* _Recorded data_:
- - - - -

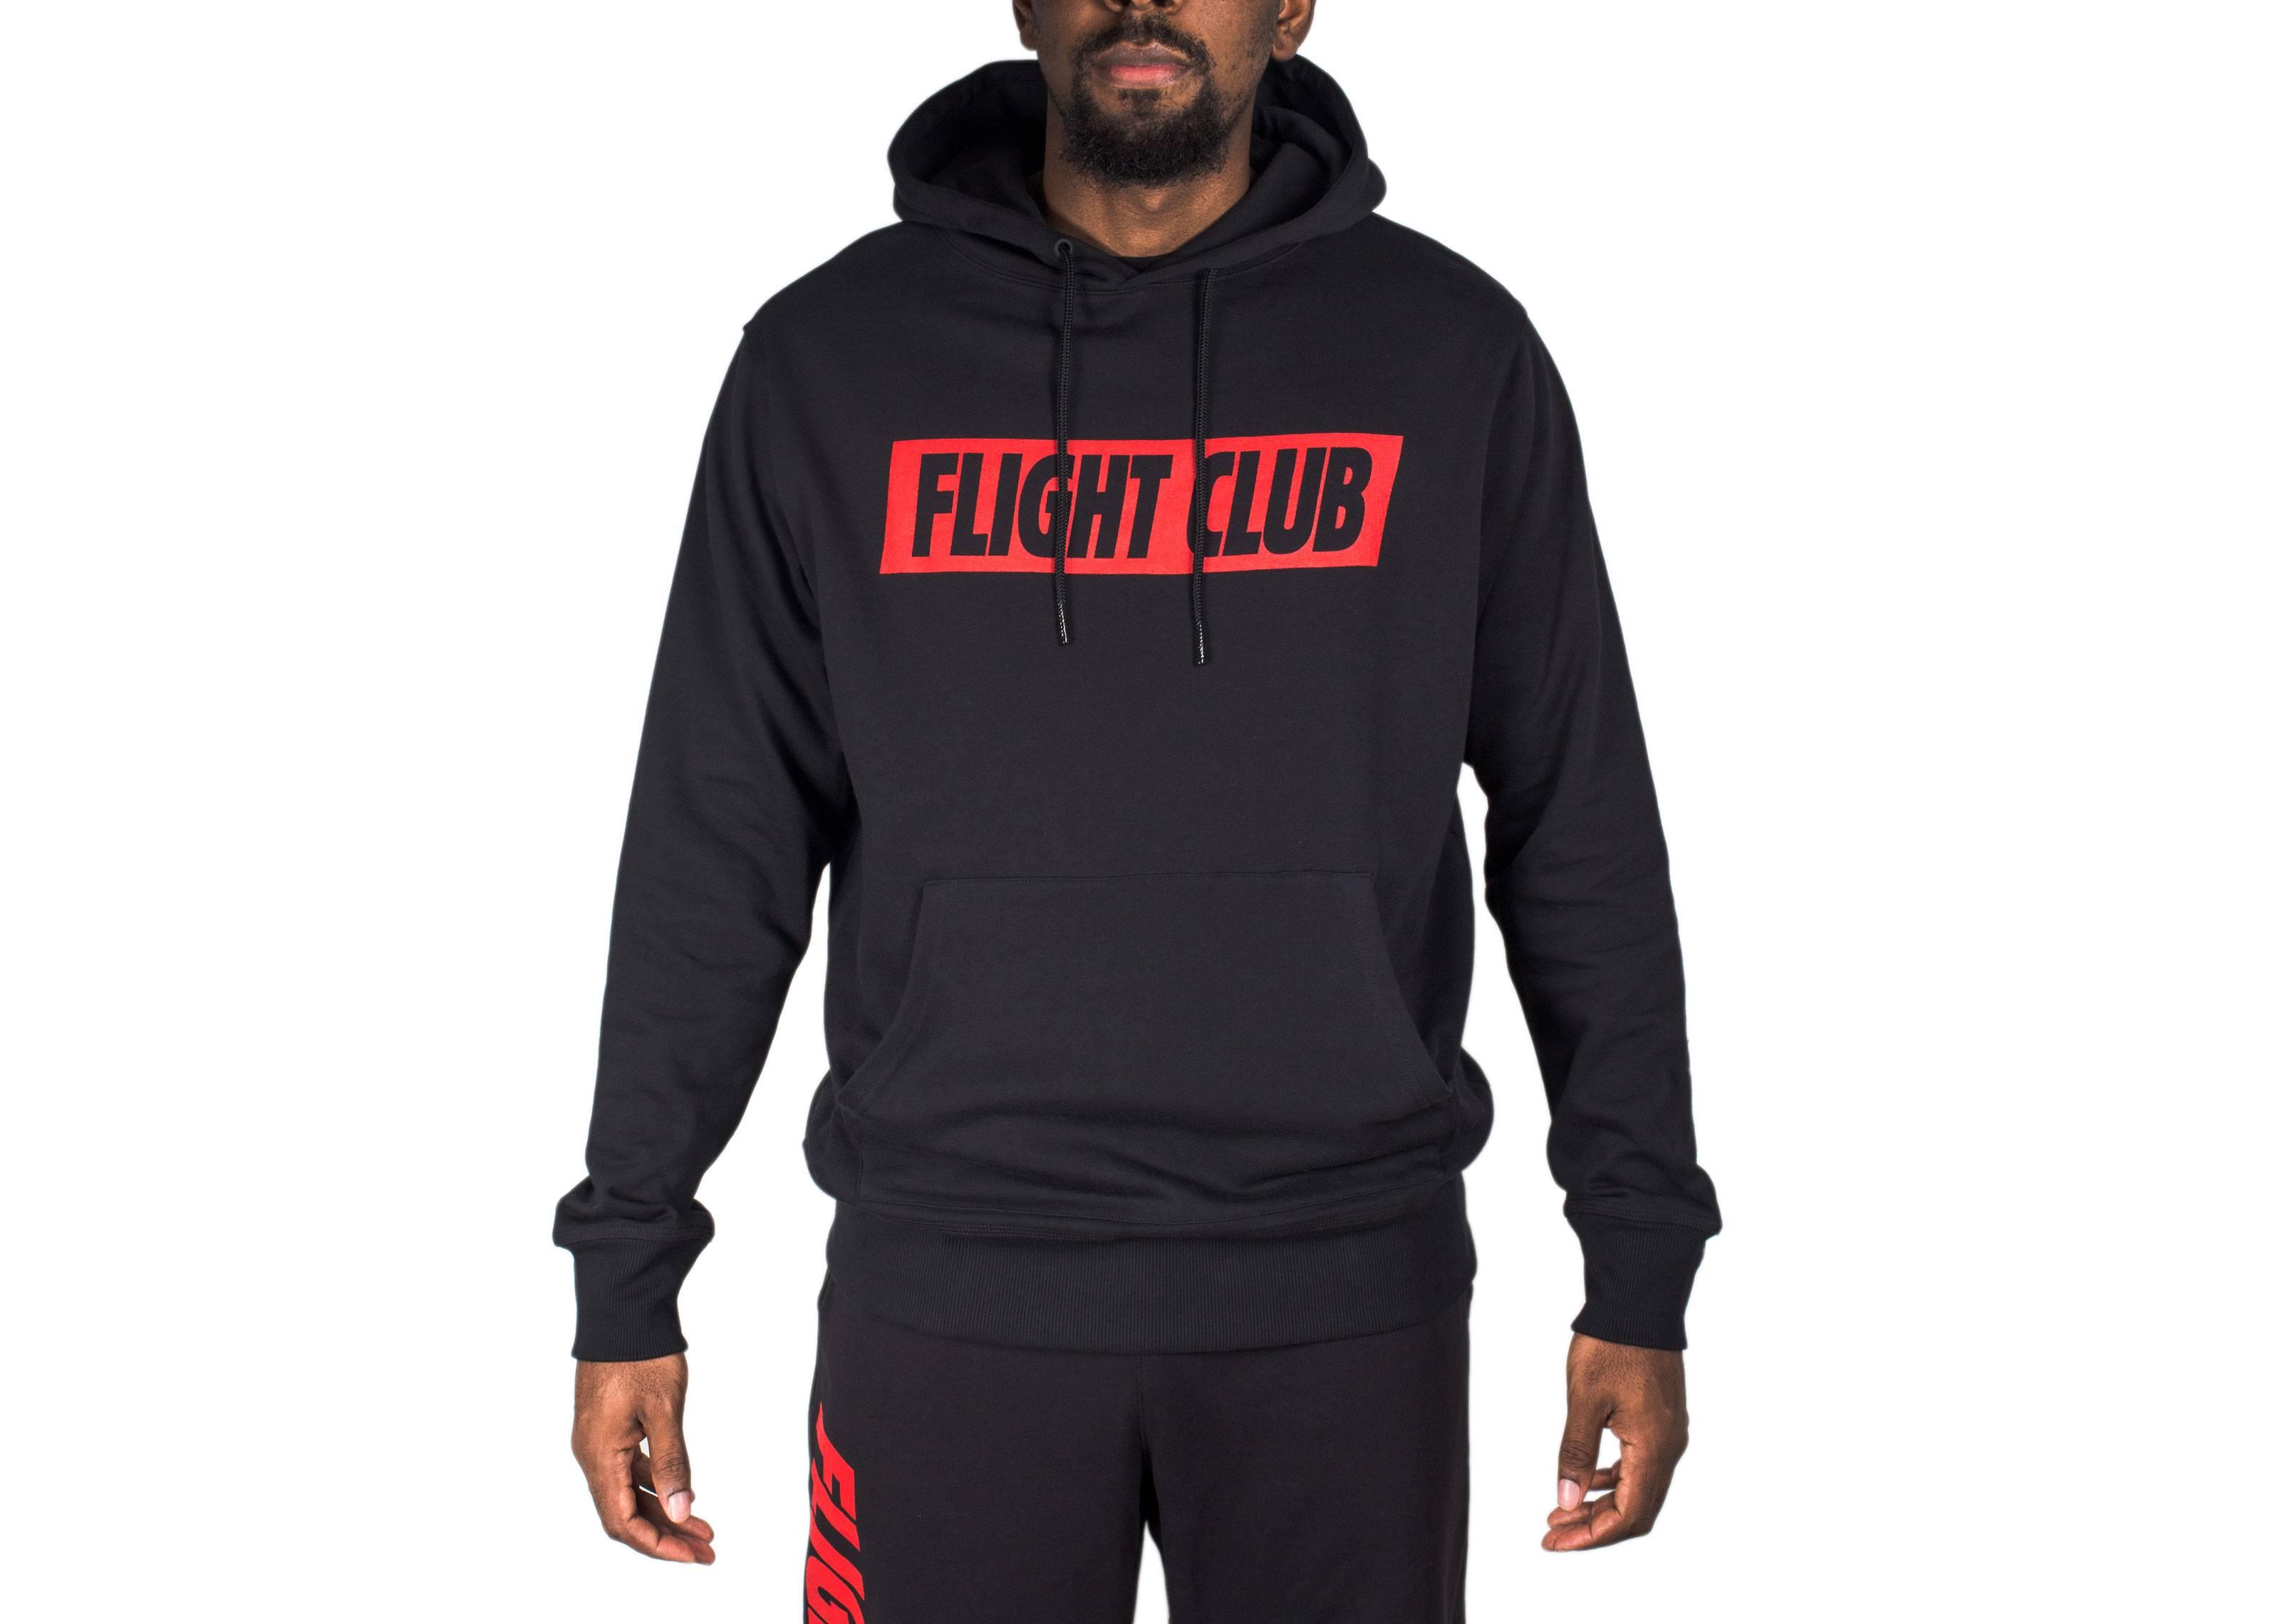 55ae73d2843 Foundation Hoody - Flight Club - FCSW01 17 3 - black fc red
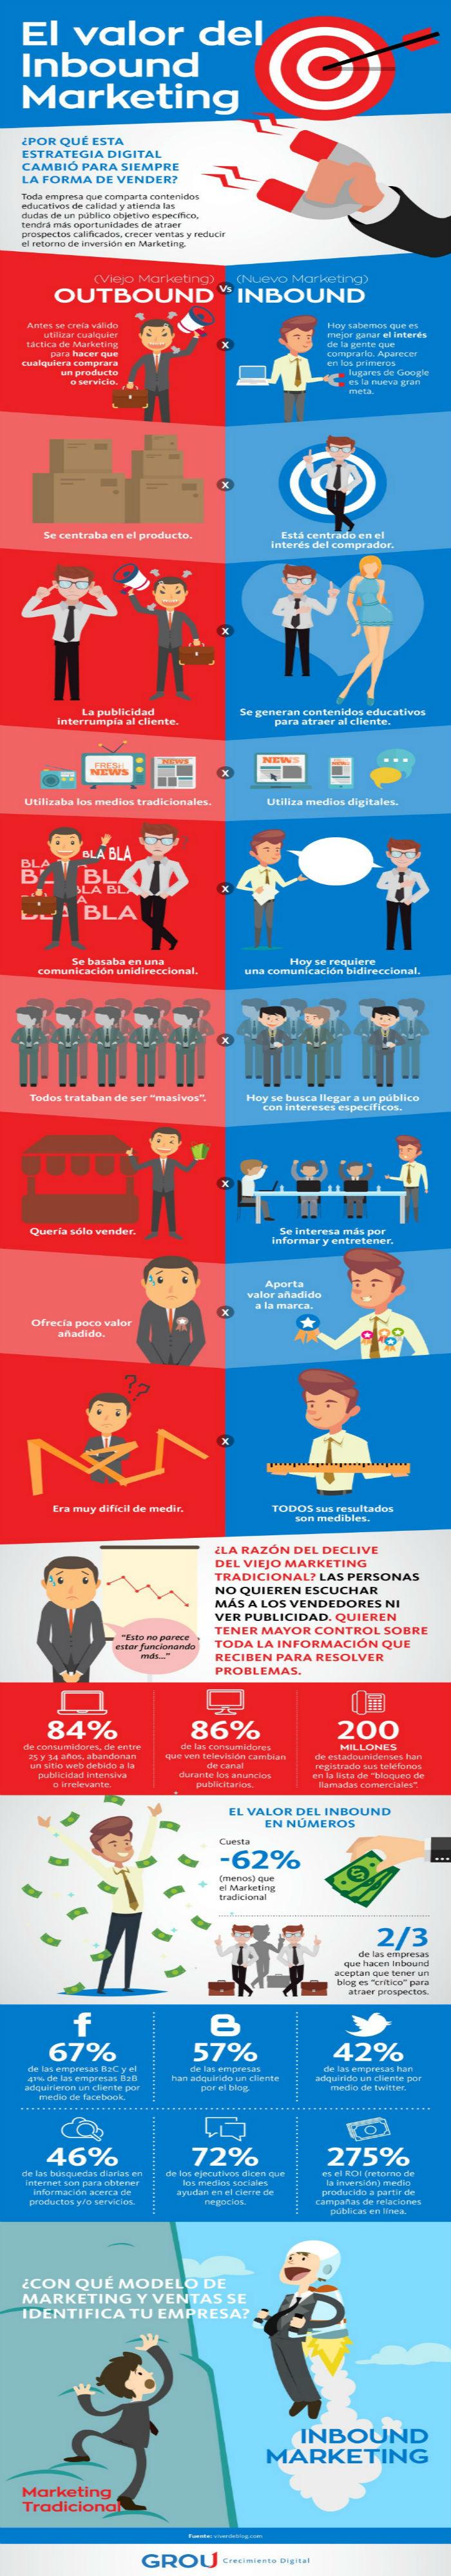 ¿ Por qué adoptar una estrategia Inbound Marketing en tu Empresa ?
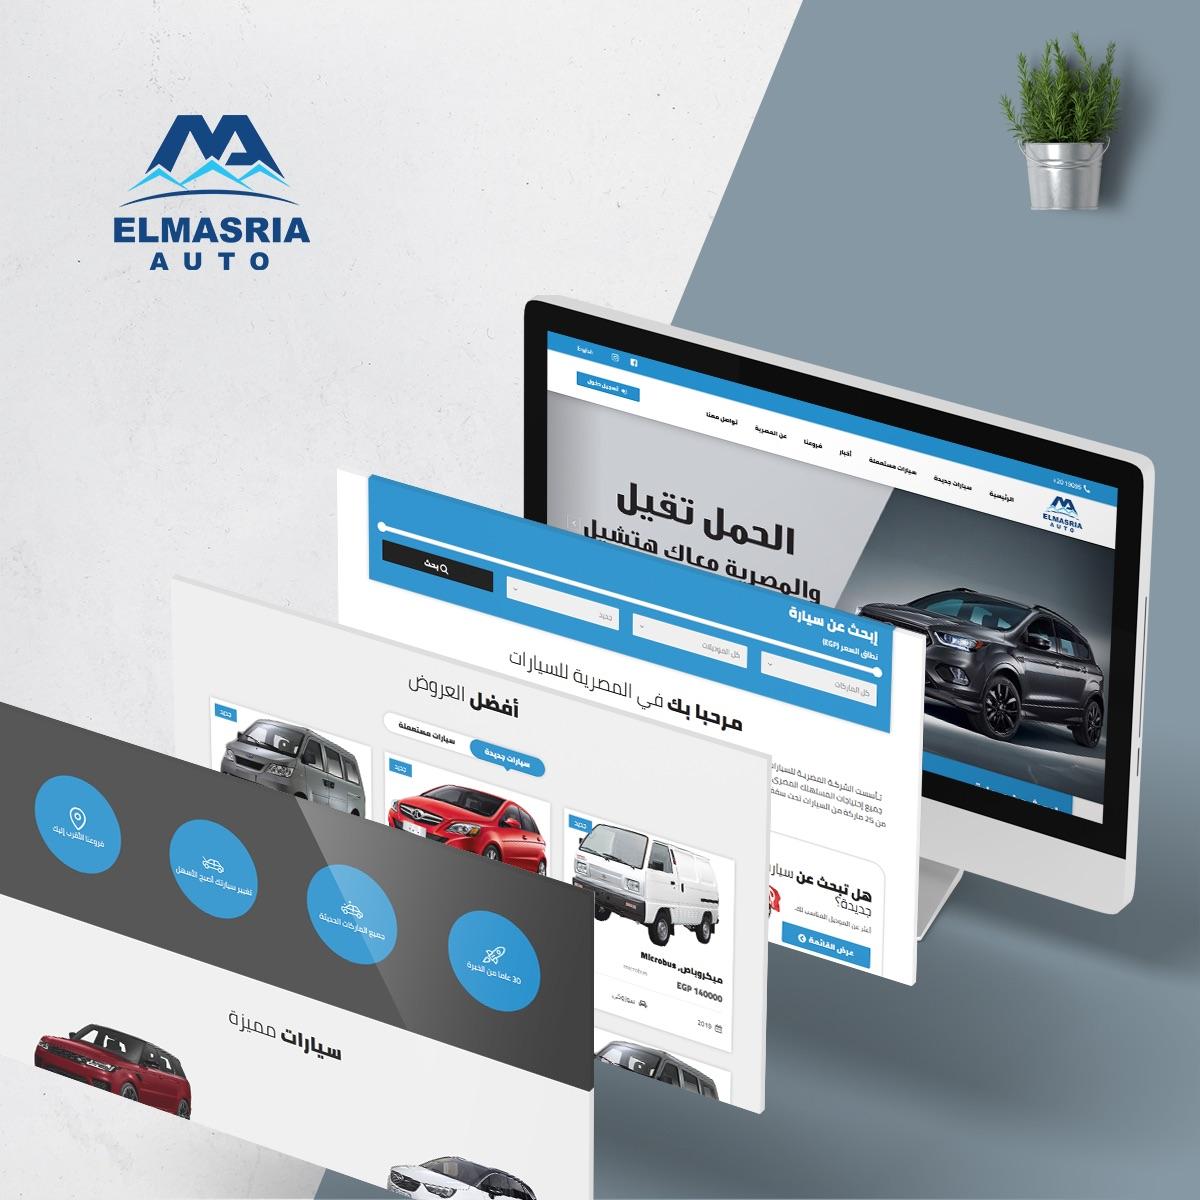 Elmasria-web

- - - - -

Apart from the pictures, repeat the data above exactly.

* _Finished exercise_:
 55ae73d2843 Foundation Hoody - Flight Club - FCSW01 17 3 - black fc red
 ¿ Por qué adoptar una estrategia Inbound Marketing en tu Empresa ?
 Elmasria-web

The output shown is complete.